After a closer look I think it's fine for loongarch as pte_mkwrite will
also set the dirty bit unconditionally, so at least the two ways will still
generate the same pte (DIRTY+MODIFIED+WRITE).

But this whole thing is still confusing to me.  It'll still be great if
anyone can help explain why the _DIRTY cannot be set only in pte_mkwrite()
if that's the solo place in charge of "whether the pte is writable".

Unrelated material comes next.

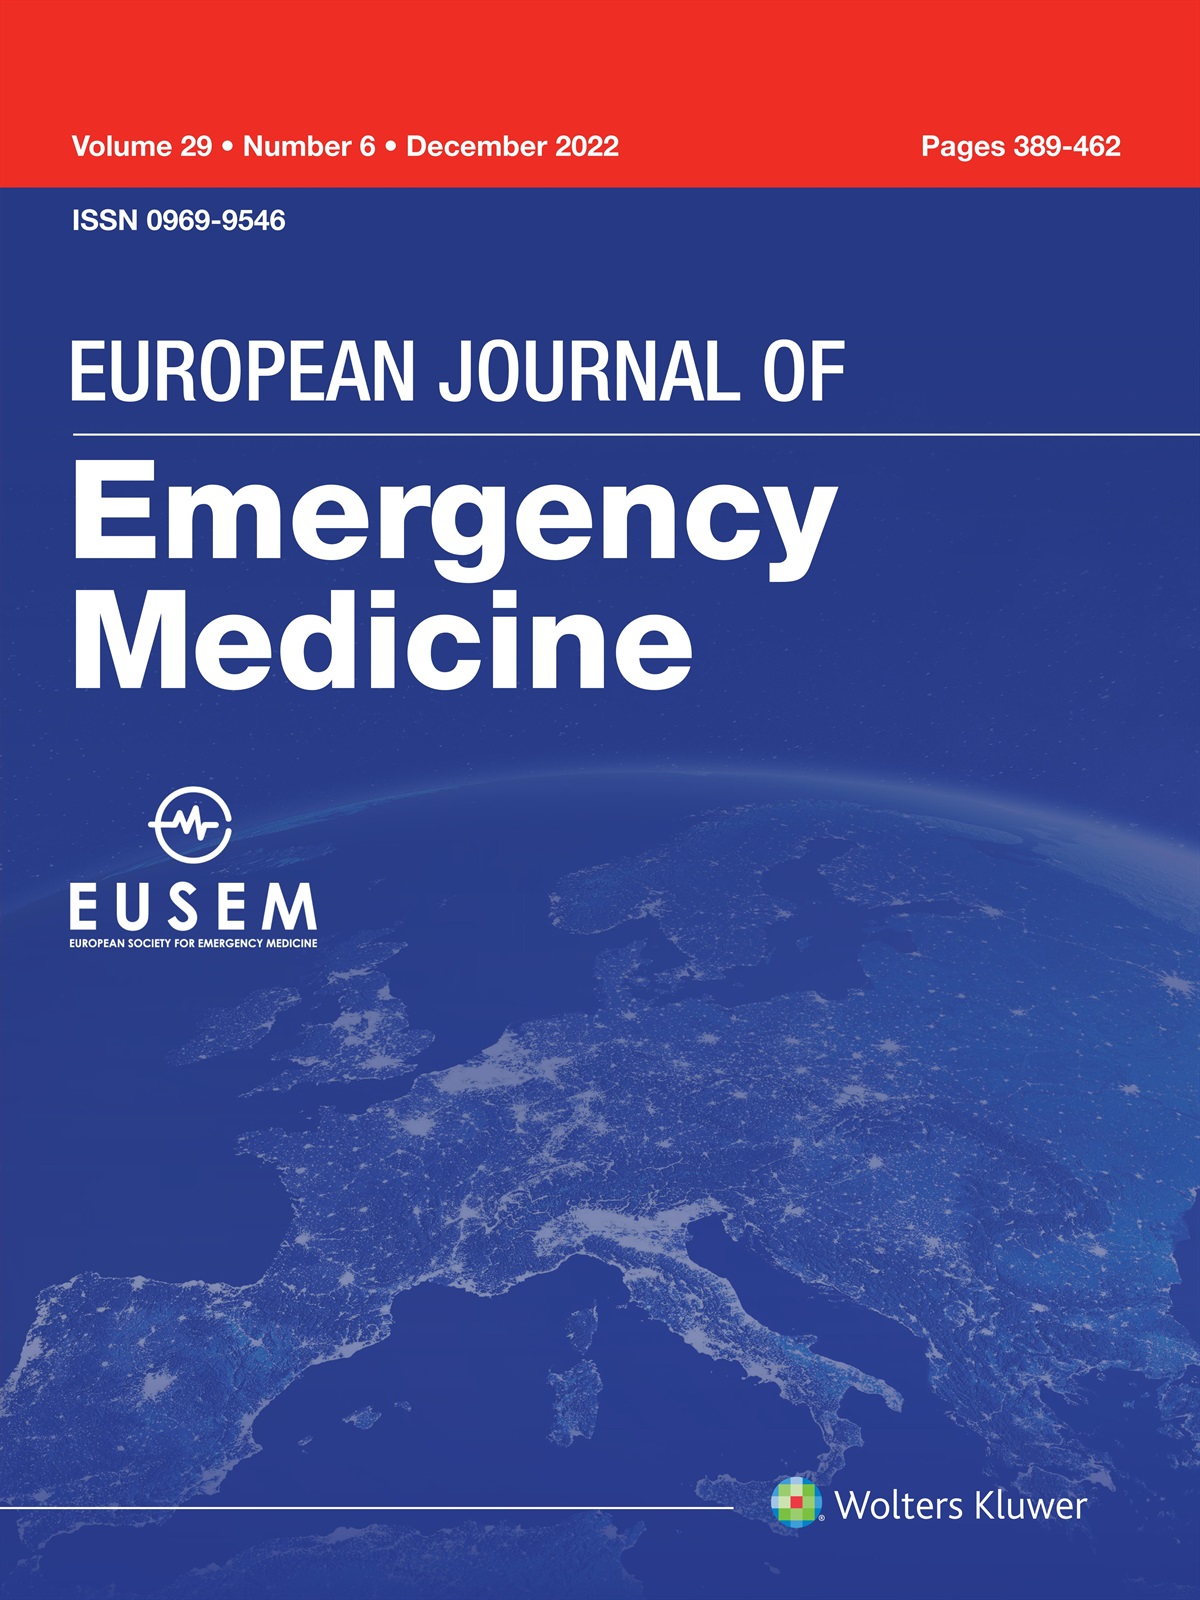 Role of emergency departments and emergency physicians in expanding clinical knowledge on drug-related events

The other follow up question is: how do we mark "this pte contains valid
data" (the common definition of "dirty bit"), while "this pte is not
writable" on loongarch?

It can happen when we're installing a page with non-zero data meanwhile
wr-protected.  That's actually a valid case for userfaultfd wr-protect mode
where user specified UFFDIO_COPY ioctl with flag UFFDIO_COPY_MODE_WP, where
we'll install a non-zero page from user buffer but don't grant write bit.

From code-wise, I think it can be done currently with this on loongarch:

  pte_wrprotect(pte_mkwrite(pte_mkdirty(pte)))

Where pte_wrprotect(pte_mkwrite(pte)) is not a no-op but applying MODIFIED.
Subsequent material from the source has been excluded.